Fragmento extraído de la novela
Los ángeles caídos de Eric Jourdan
Con sus golpes Pierre me convertía en su esclavo, cuando en realidad lo que debería haber hecho es alejarme d él. En primer lugar, yo era lo bastante cruel como para soportarlos, luego demasiado cruel par ano disfrutar de ellos y no desear devolverlos y por fin increíblemente cruel como para amarlos. A Pierre le encantaba golpearme; ese insulto me hacía más grande ante sus ojos, ya que él sabía que sólo se pegaba a los hombres. Mi fuerza encontraba así su orgullo y mi cuerpo su voluptuosidad. Más incluso que los azotes en las nalgas, me gustaban, por el ruido que hacían, los golpes en la espalda y en las piernas. Ésos eran los más dolorosos: tenía que morderme los puños para no gritar. Pierre se entretenía sobre todo en los muslos, porque se volvían rojos y su calor casi le hacían correrse cuando se revolcaba sobre mí. Con los primeros golpes, yo trataba de escuchar tan sólo el cinturón restallando en el aire y me dedicaba a contar cada segundo para olvidar mi humillante postura; desde luego me imaginaba en el lugar de Pierre y a él acostado a mi merced.
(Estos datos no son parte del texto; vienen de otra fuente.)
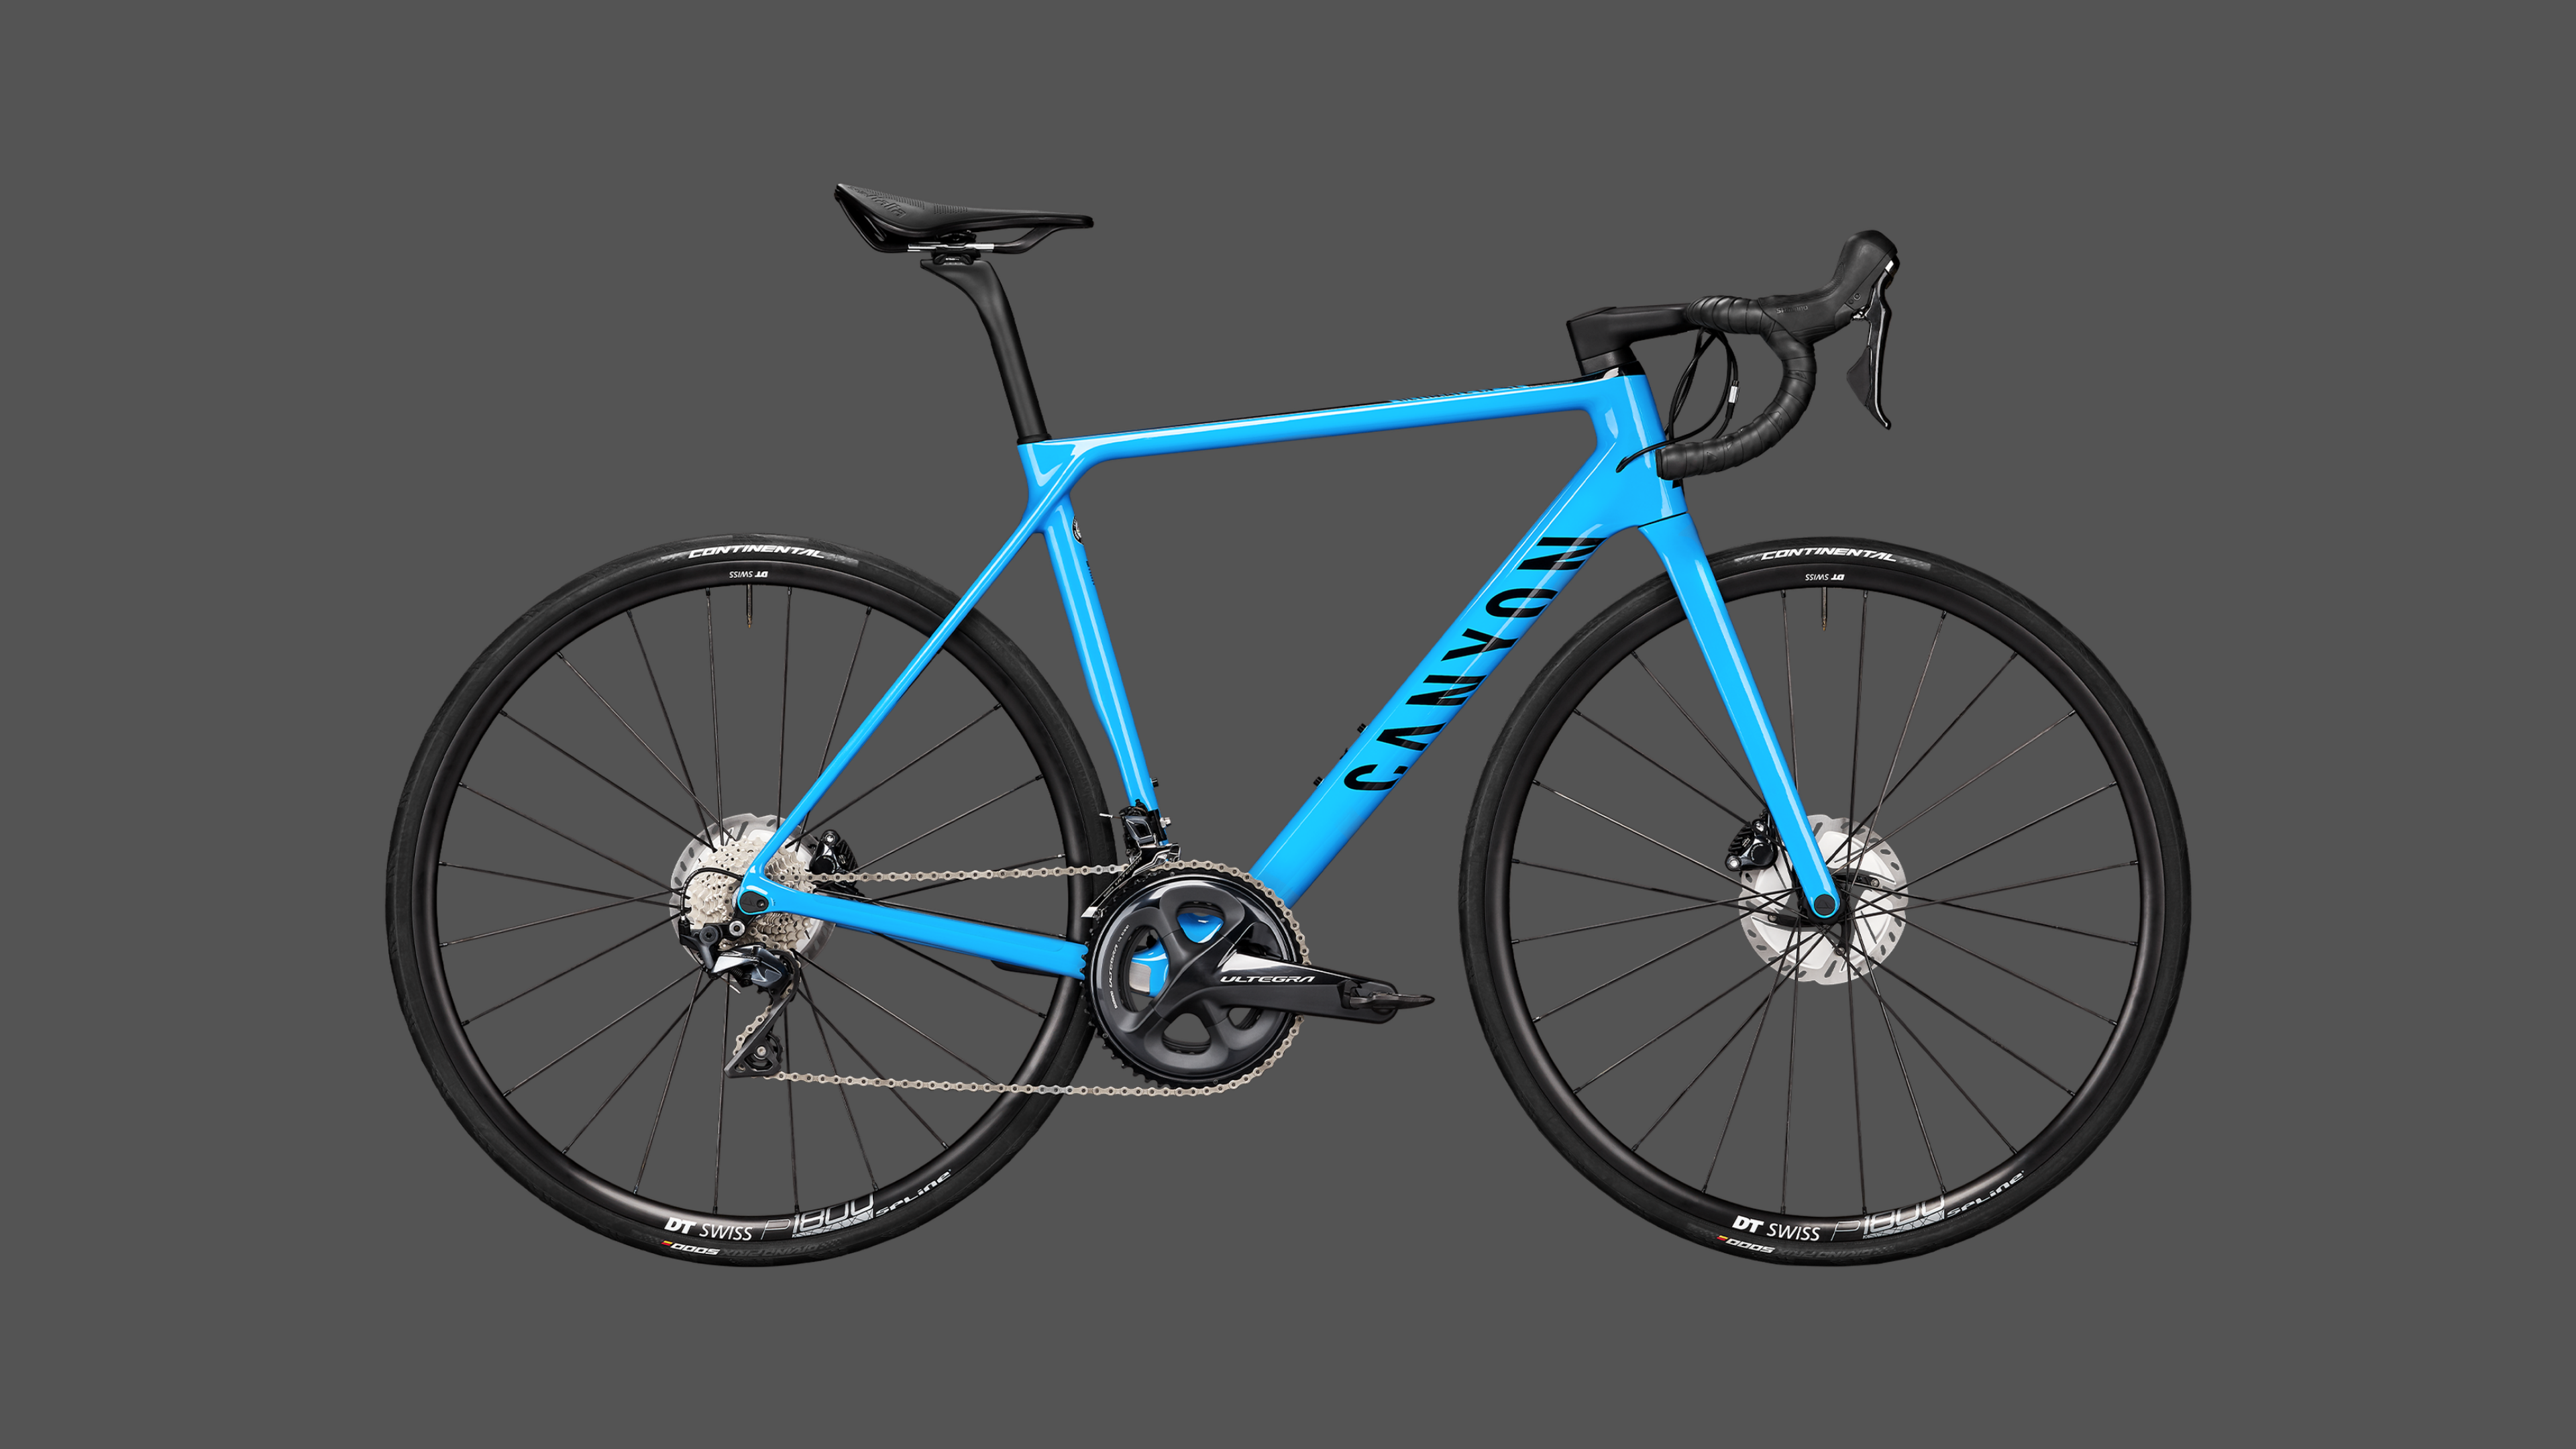 General 3840x2160 bicycle Ultimate CF SL 8 sport Canyon Bicycles cycling gray background cyan simple background digital art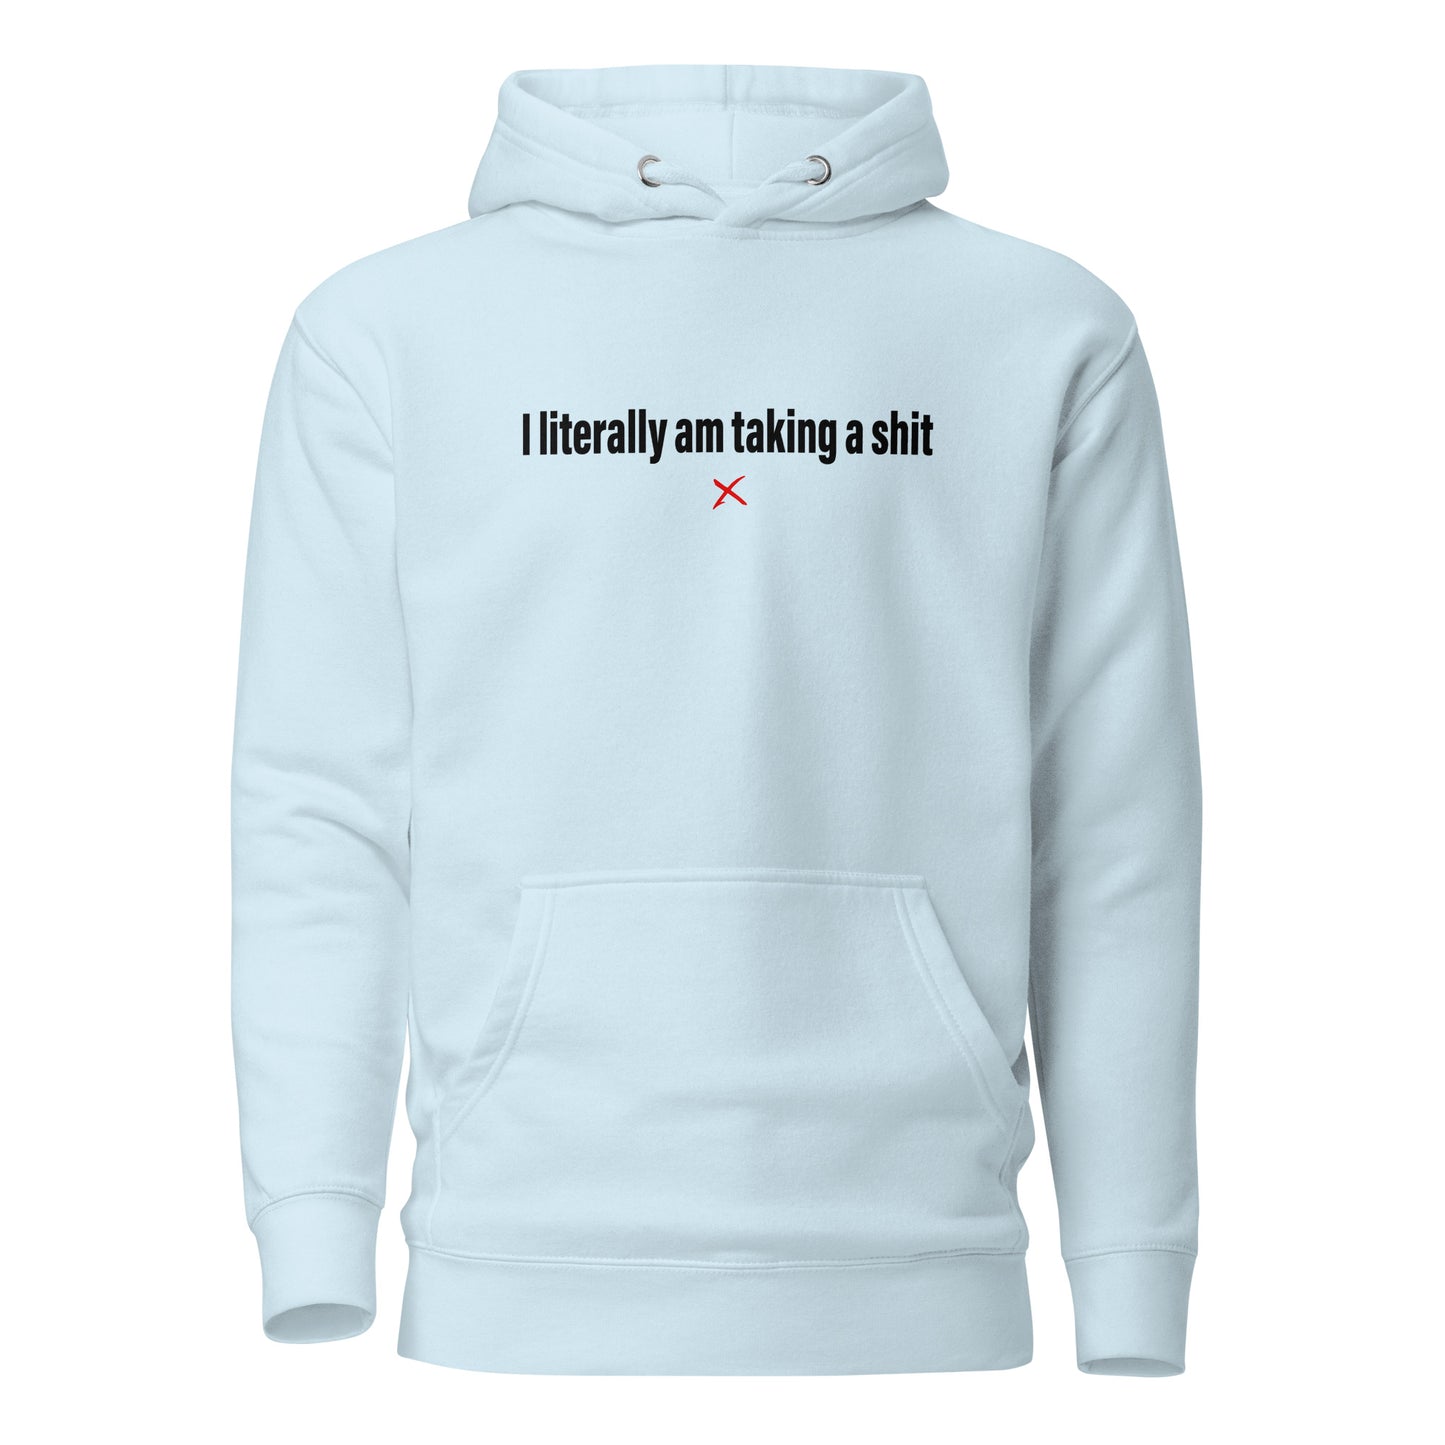 I literally am taking a shit - Hoodie

Yo era él bajo el látigo. Entonces sentía la dominación de los golpes y me abandonaba a ellos, tensando mi cuerpo para que pudieran inscribir mejor en mi piel. Eso duraba un buen rato; cuando yo no me estremecía, Pierre me acariciaba la espalda y las nalgas con la mano y luego seguía pegándome con le cinturón. Expulsaba su aliento con la misma violencia que el esperma. Yo le llamaba, llamaba a su cuerpo, quería poseerle; sin embargo, para él no había más que un desenlace: entrar en mí para ser yo. Su rabo me provocaba un dolor atroz; yo mordía su brazo y él me agarraba la nuca con los dientes, mordiéndomela hasta hacer sangrar. Poco a poco, mi placer superaba esa violencia y cuando, con un grito, él me anunciaba el estallido de su placer, yo me apoderaba de él y le sometía a las mismas salvajadas.